Check it out! We found $ 9 + 10 * u $ which is exactly what we've be writing in our queries: `9 + 10 * CONSISTENT_RAND(key)`.

Now, what if we switch the problem to something slightly different and instead of spreading out our users evenly throughout the day, we want them to spread out according to an exponential distribution. This way more users fall into earlier hours and fewer into later hours -- maybe the downstream work is easier to do early in the day before people get tired. Also let's forget about the working day hours for this part.

For the uniform to exponential case we have our sampler, $ U \sim Unif(0,1) $ and our hours, $ H \sim Expon(1) $.
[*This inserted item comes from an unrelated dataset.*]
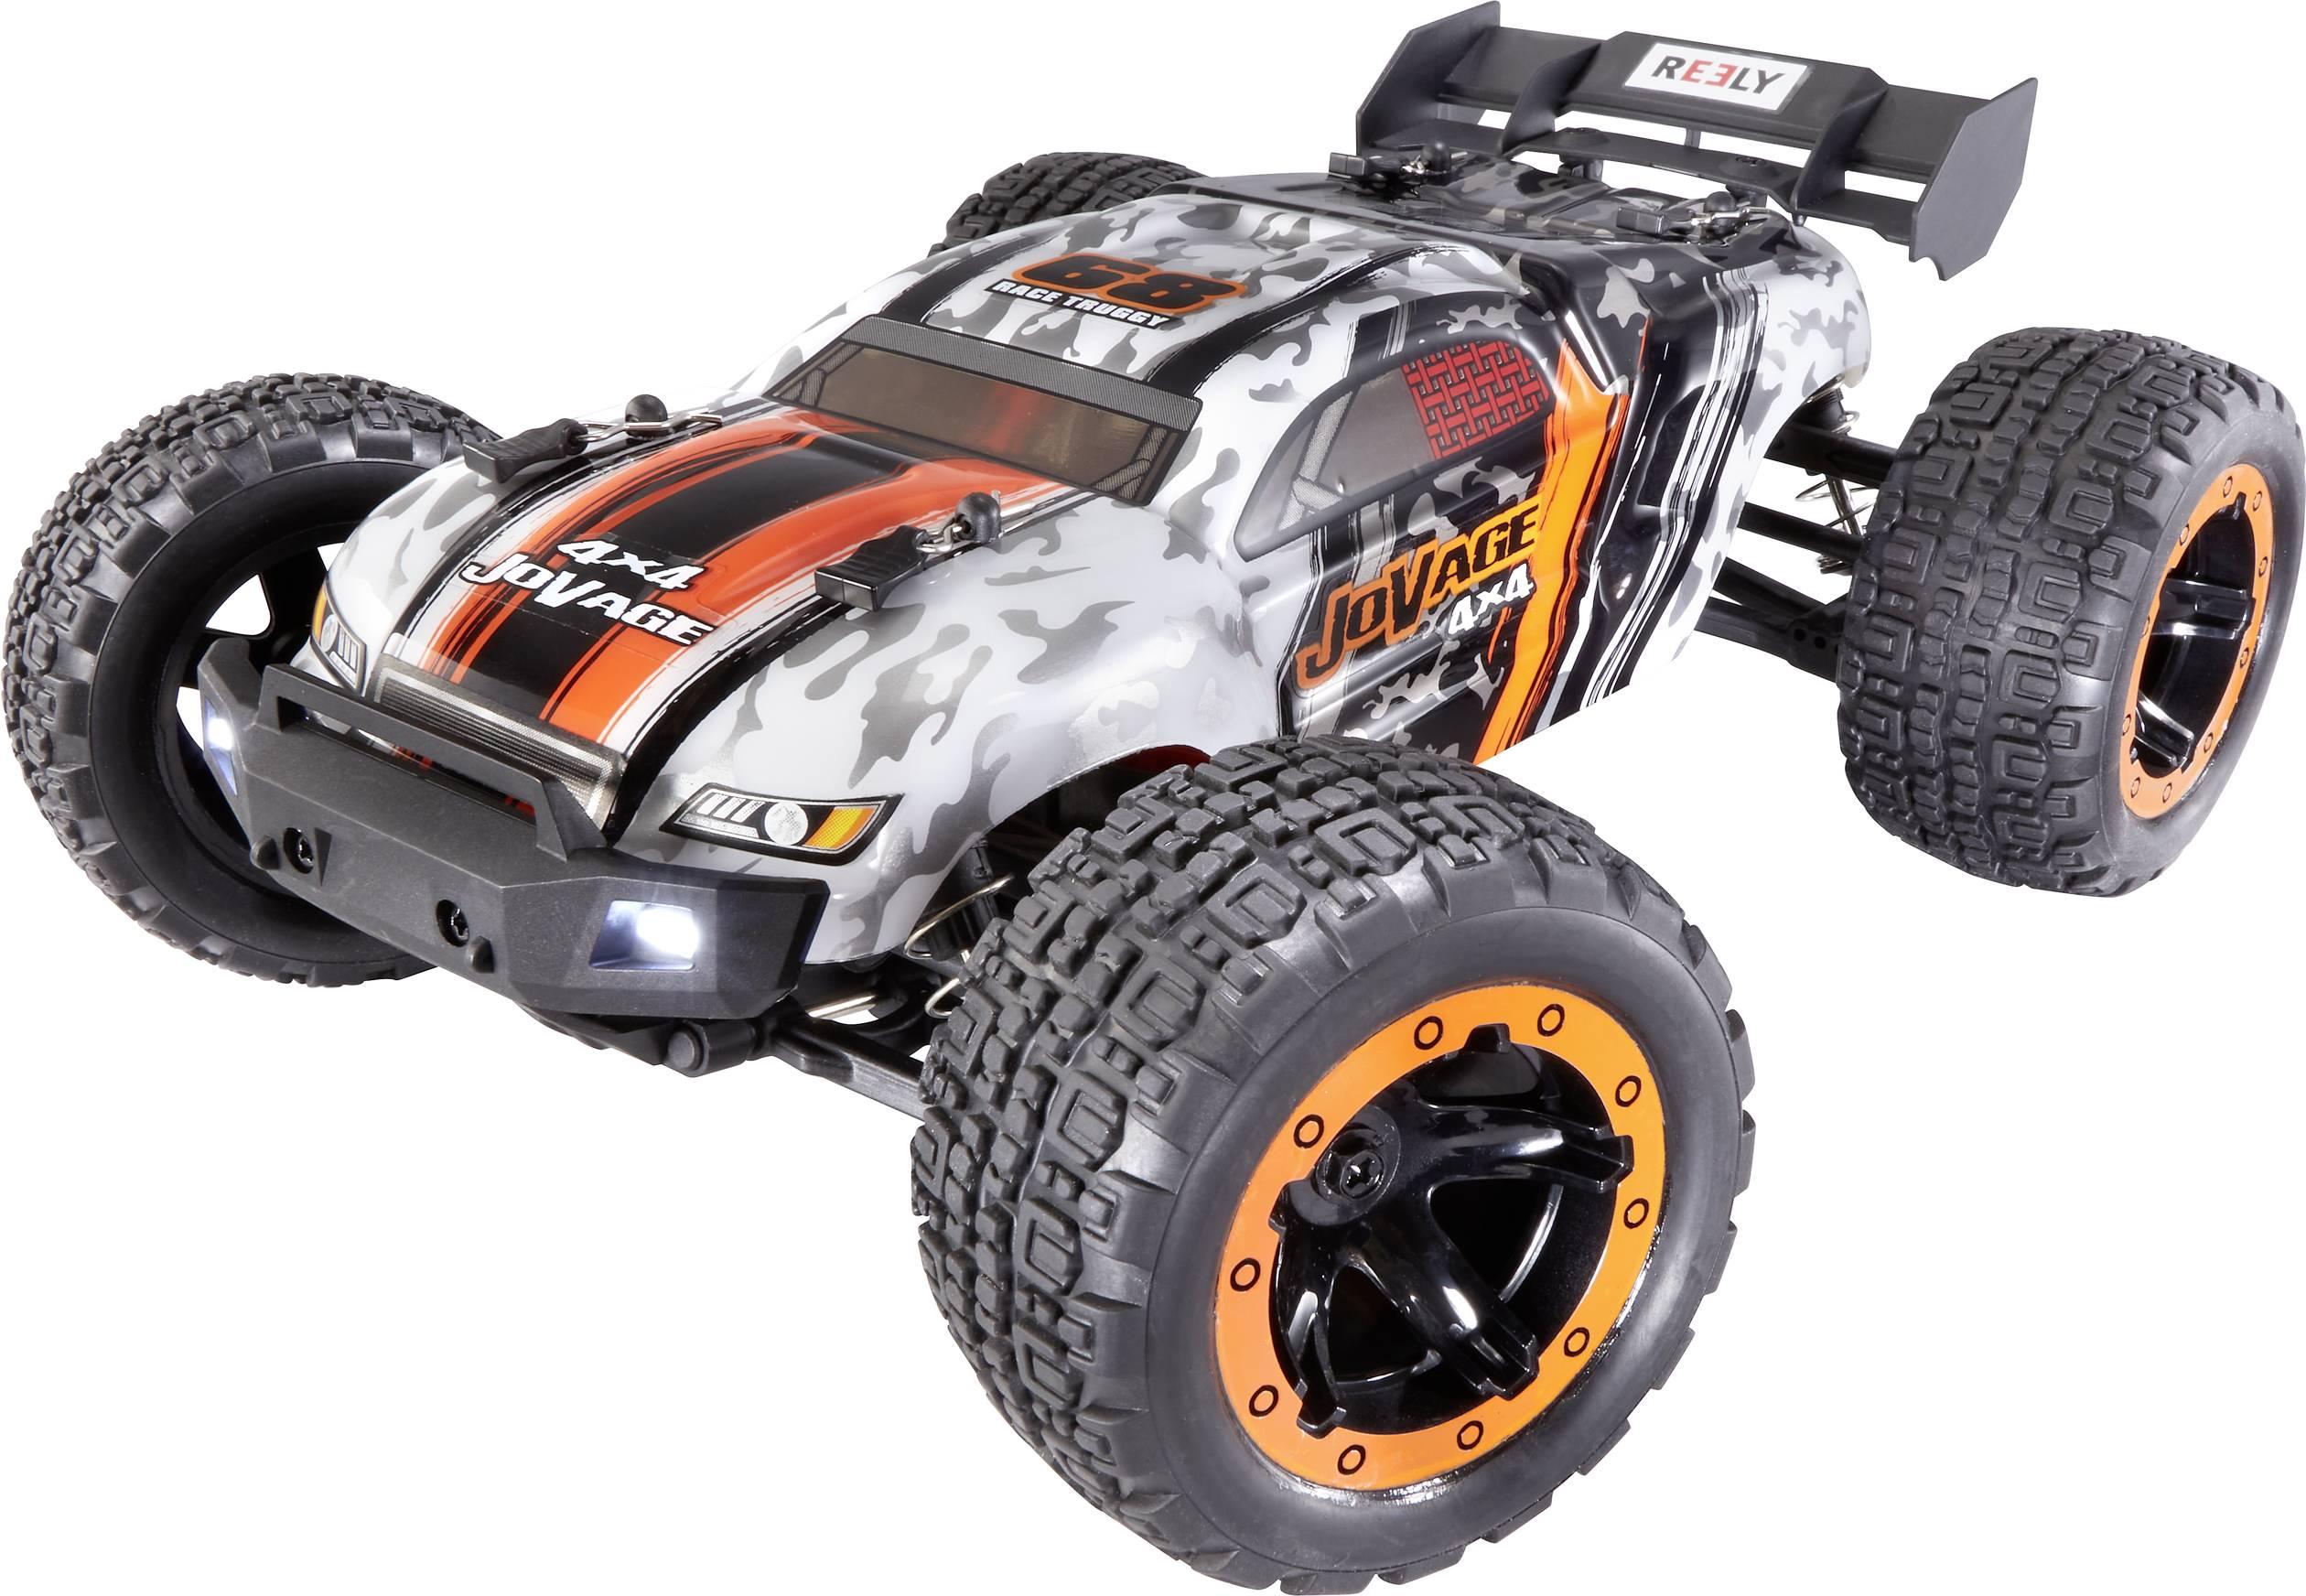 Electric Racing Rc Cars: Getting started with electric racing RC cars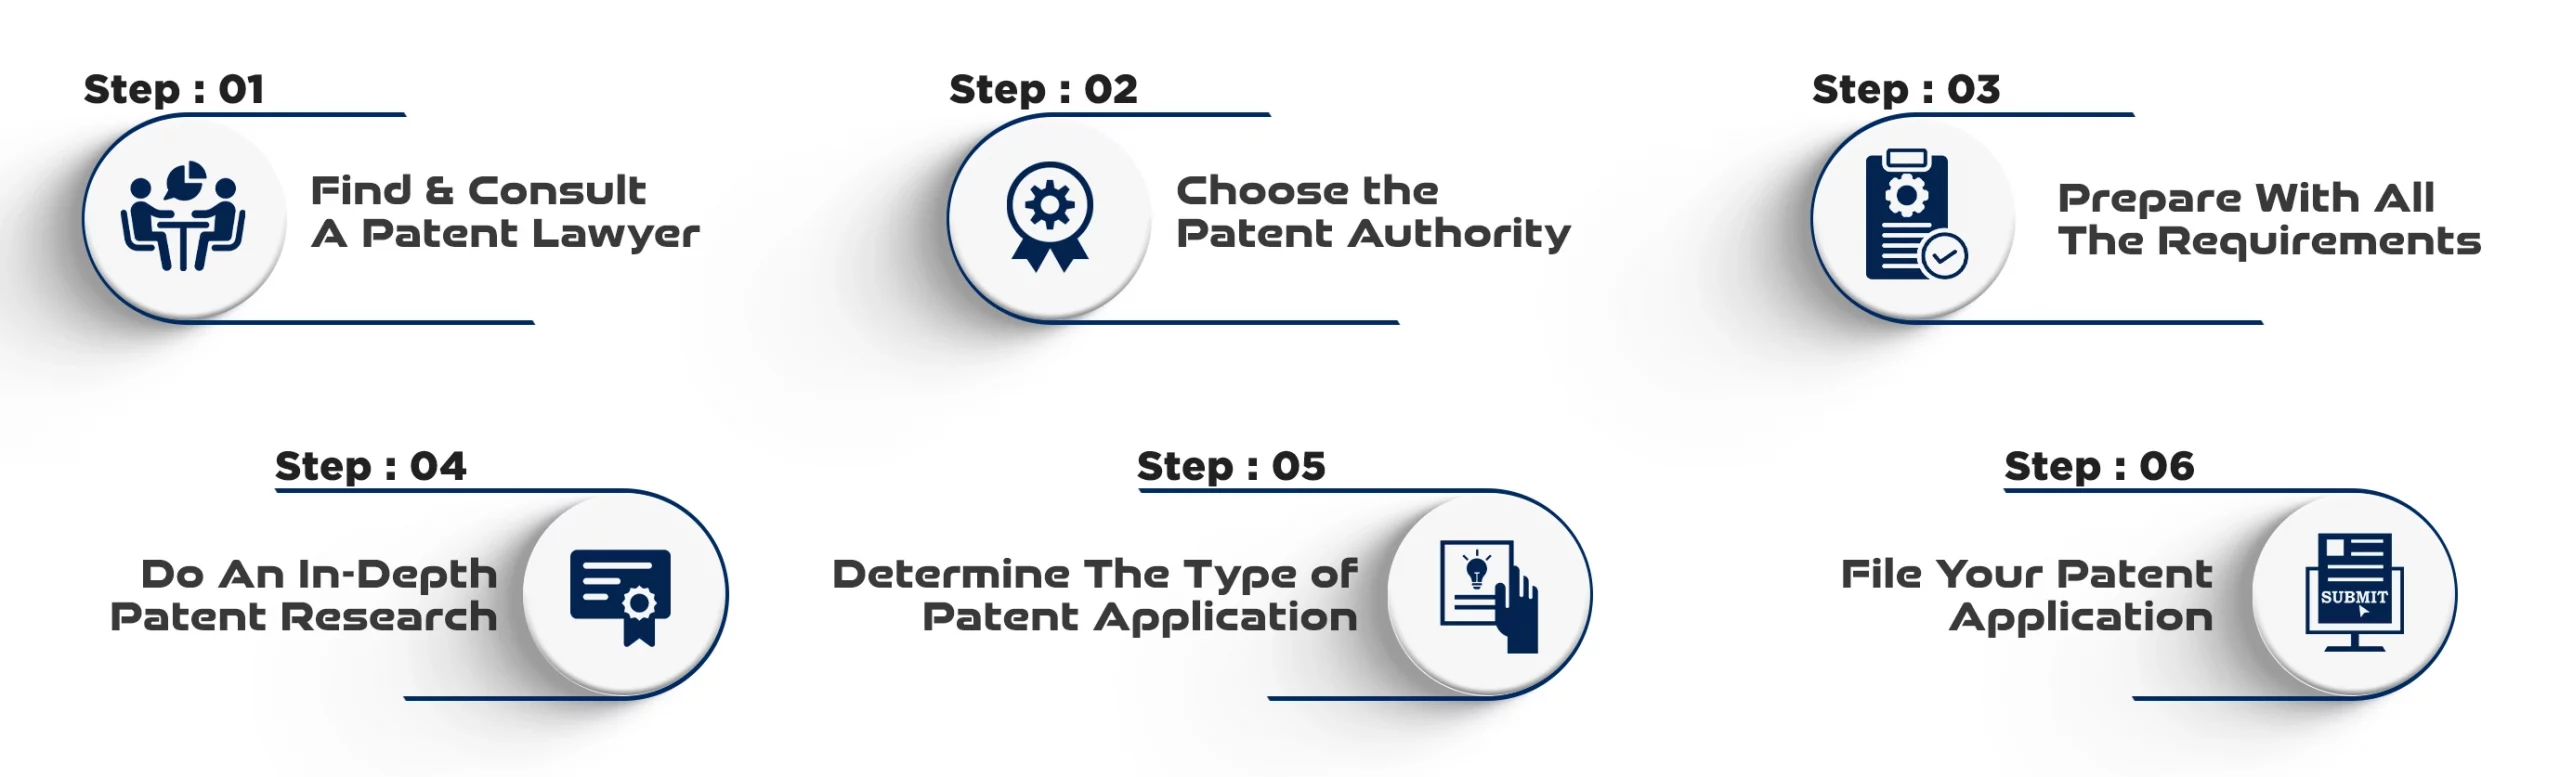 How to Patent A Mobile App - Steps To Follow

The [CDF](https://en.wikipedia.org/wiki/Exponential_distribution#Cumulative_distribution_function) for H is:
$$
F(x) = 1 - e^{-x}
$$
And, like before, we want to solve:
$$
F(F^{-1}(u)) = u \\
1 - e^{-F^{-1}(u)} = u \\
e^{-F^{-1}(u)} = 1 - u \\
-F^{-1}(u) = ln(1 - u) \\
F^{-1}(u) = -ln(1 - u)
$$

In BigQuery we can write `-1 * LN(1 - CONSISTENT_RAND(key))` and our groups will follow the exponential distribution.

# A/B tests

You might be asking, what does this have to do with A/B tests? When creating an A/B test, we often want to:
1. Randomly and consistently place users into test groups
1. Allow new users to get into existing groups as they arrive
1. Make sure those assignments don't change over time

This turns out to be very similar to what we have laid out above and we can show it with a quick, familiar query. Our goal is to split our 10,000 users into two evenly sized groups, `A` and `B`:

```sql
WITH src AS (
  SELECT
    user_id,
    `project.dataset.CONSISTENT_RAND`(CONCAT(user_id, 'ab_test_1')) AS u
  FROM UNNEST(GENERATE_ARRAY(1, 10000)) user_id
)

SELECT 
  CASE
    WHEN u >= 0.5 THEN 'A'
    ELSE 'B'
  END AS test_group, 
  ARRAY_AGG(user_id) AS user_ids,
  COUNT(user_id) AS group_size
FROM src
GROUP BY test_group
ORDER BY test_group
```

If we use the combination of `user_id` and the name of the test as the salt, `ab_test_1`, then we can make sure that a user will always be in the same group for that test. And since our pipeline runs many times during the day, any new users will automatically be placed into a group during each run. Last, if we wanted to change from equal group sizes, then we can simply change the `0.5` split to any number within `[0,1]`.

# Conclusion

In the end, we've created a tidy UDF in BigQuery to help create random and consistent values that we can use for making A/B test groups and when working within idempotent data pipelines.